To do:
Drop every image, then reproduce the data exactly as given.

Information provided:
------------------------------------------------------------
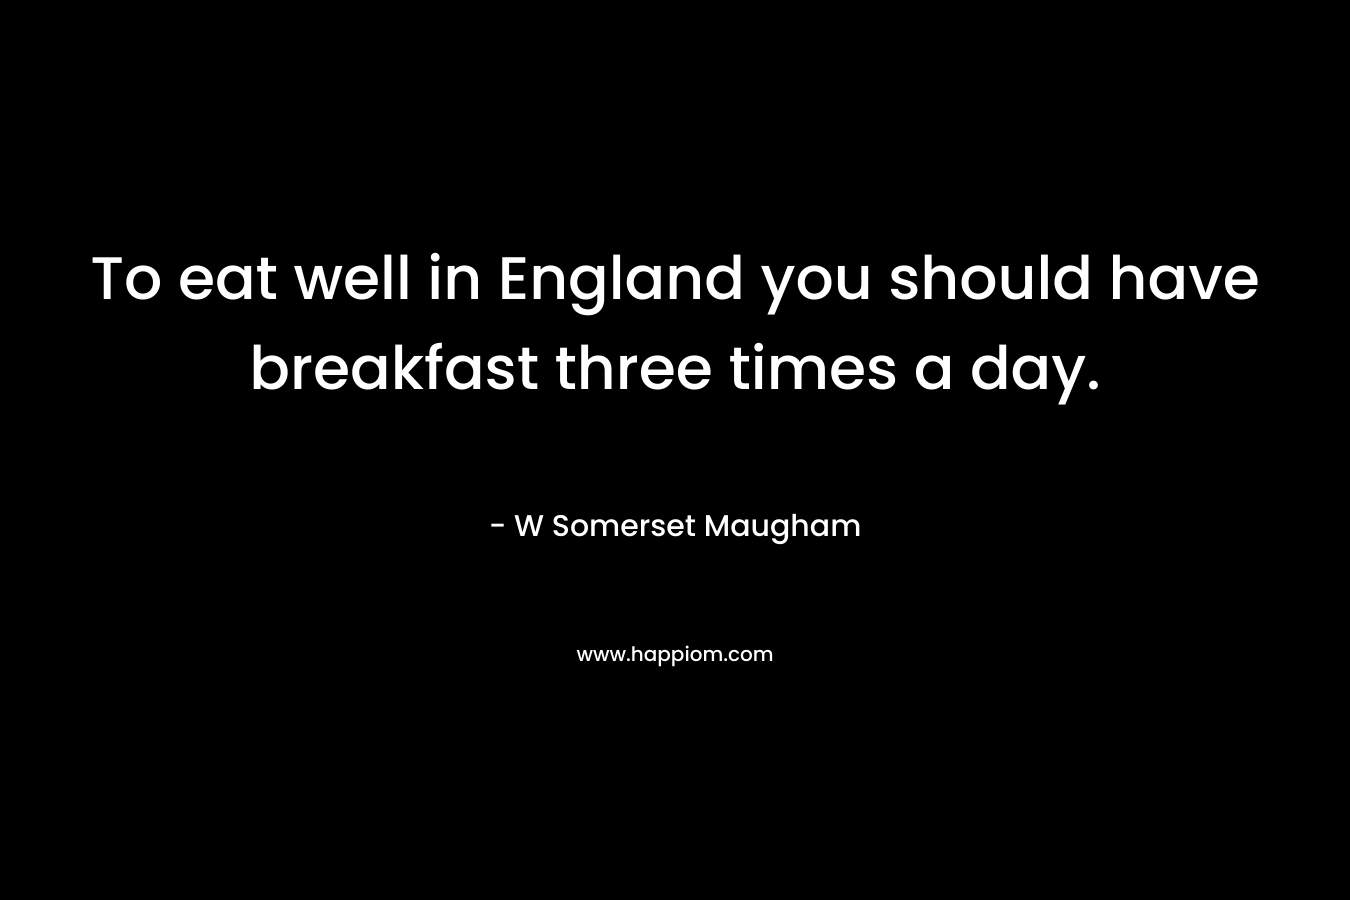 To eat well in England you should have breakfast three times a day.
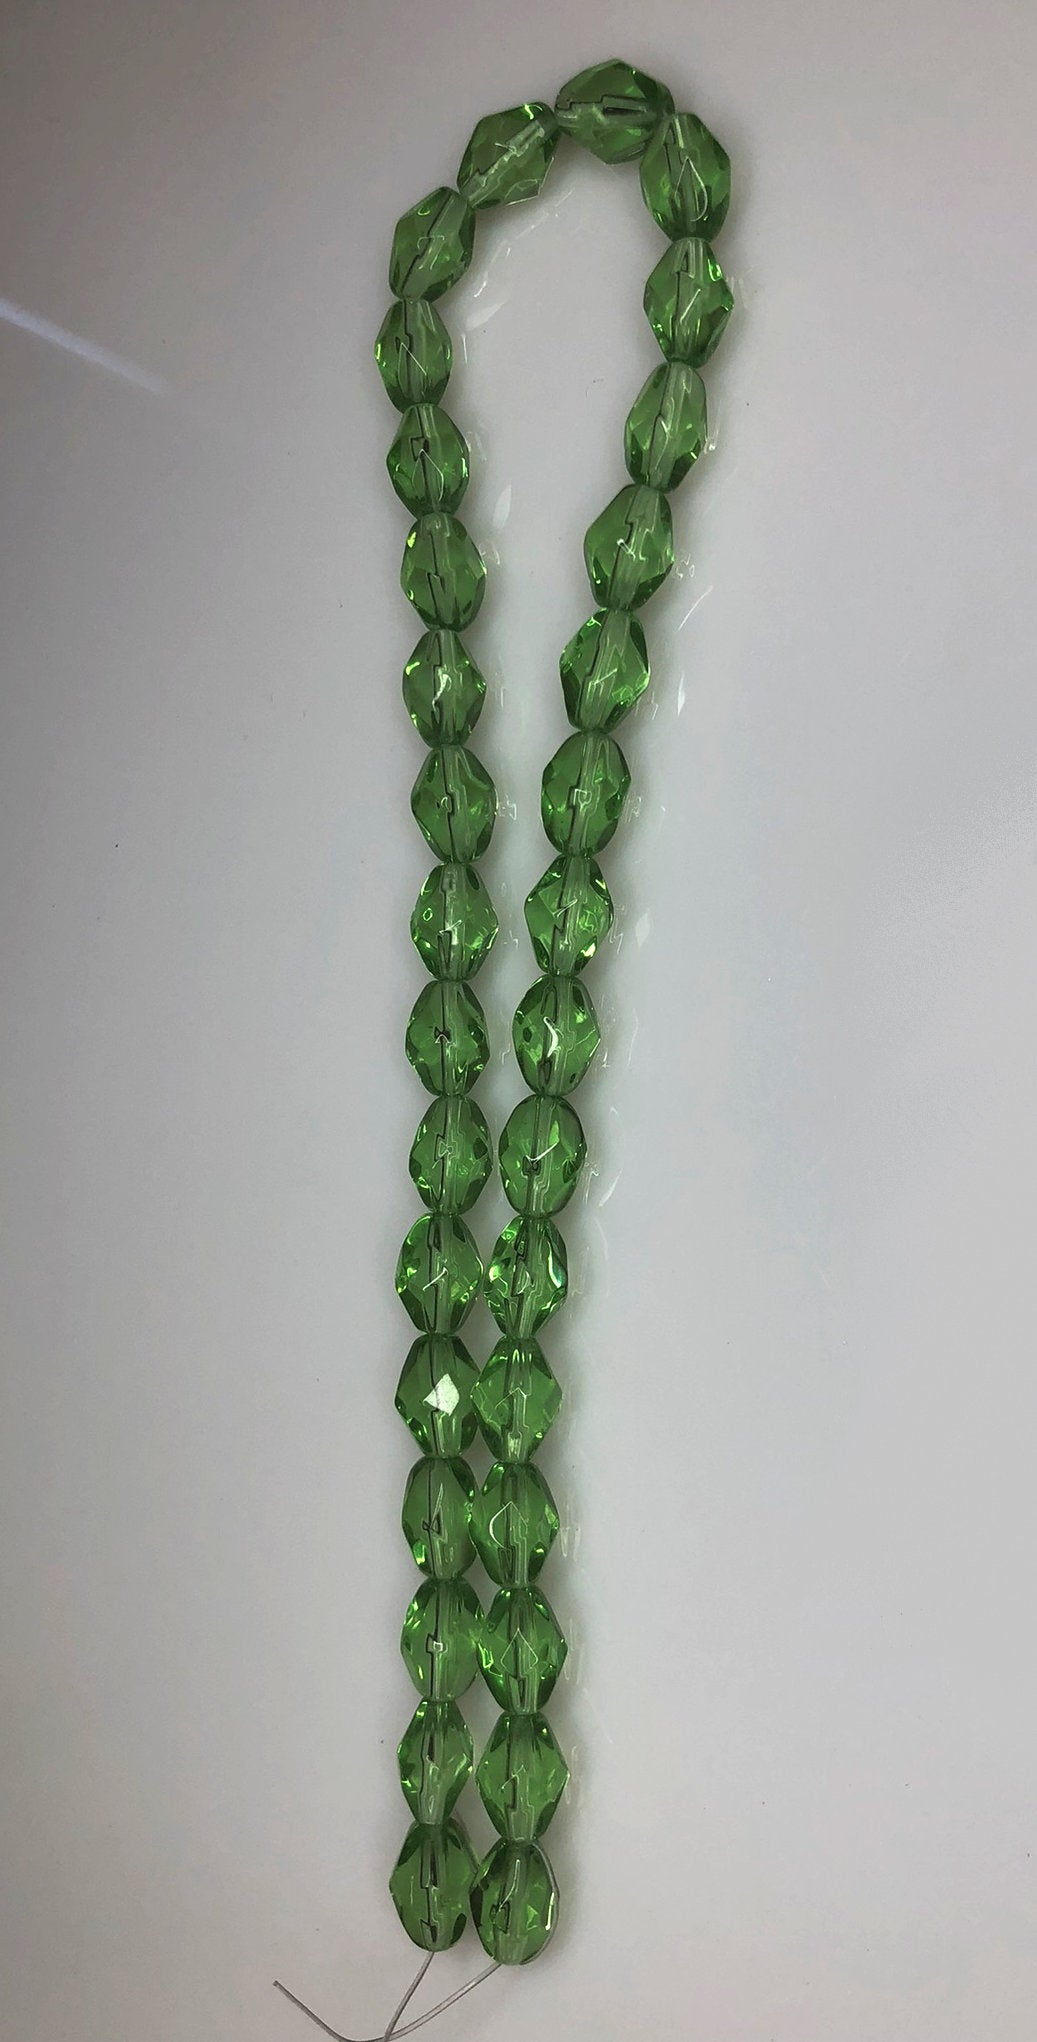 Transparent Green Faceted Oval Glass Beads, 11 x 8 mm - 32 Beads
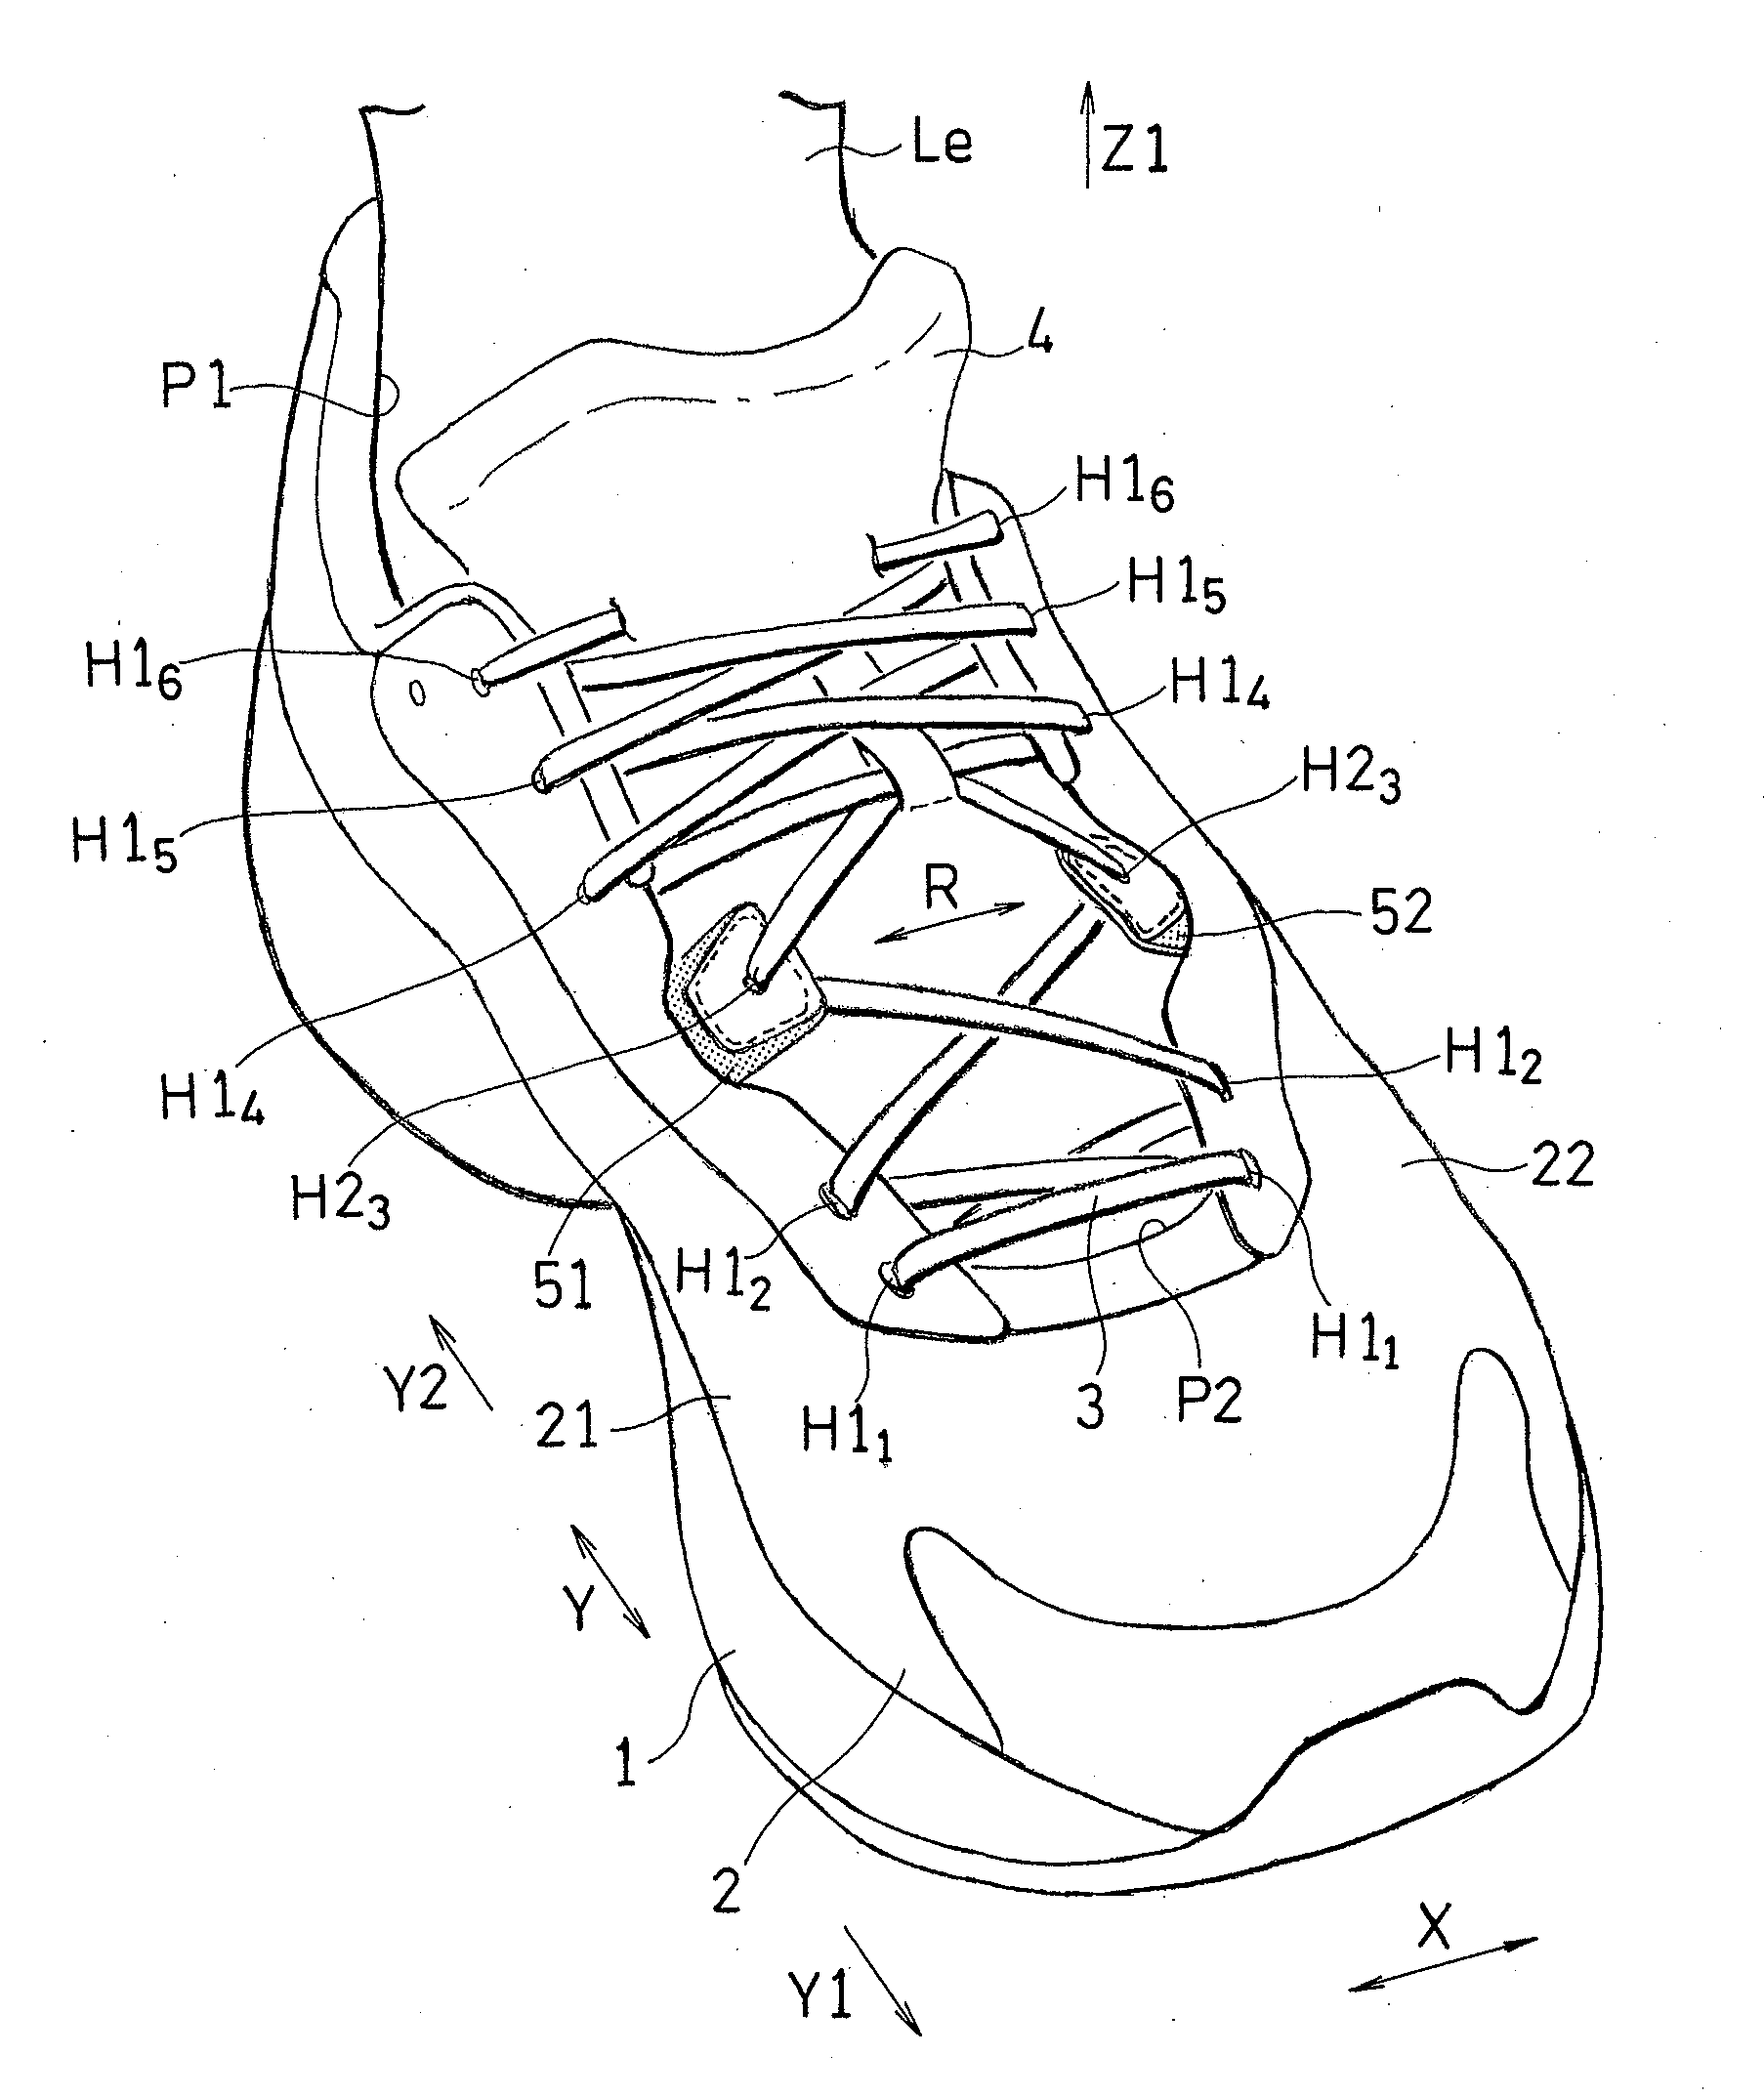 Shoe having lace fitting structure
------------------------------------------------------------
Output for this exercise:
 To eat well in England you should have breakfast three times a day.
 Transparent Green Faceted Oval Glass Beads, 11 x 8 mm - 32 Beads
 Shoe having lace fitting structure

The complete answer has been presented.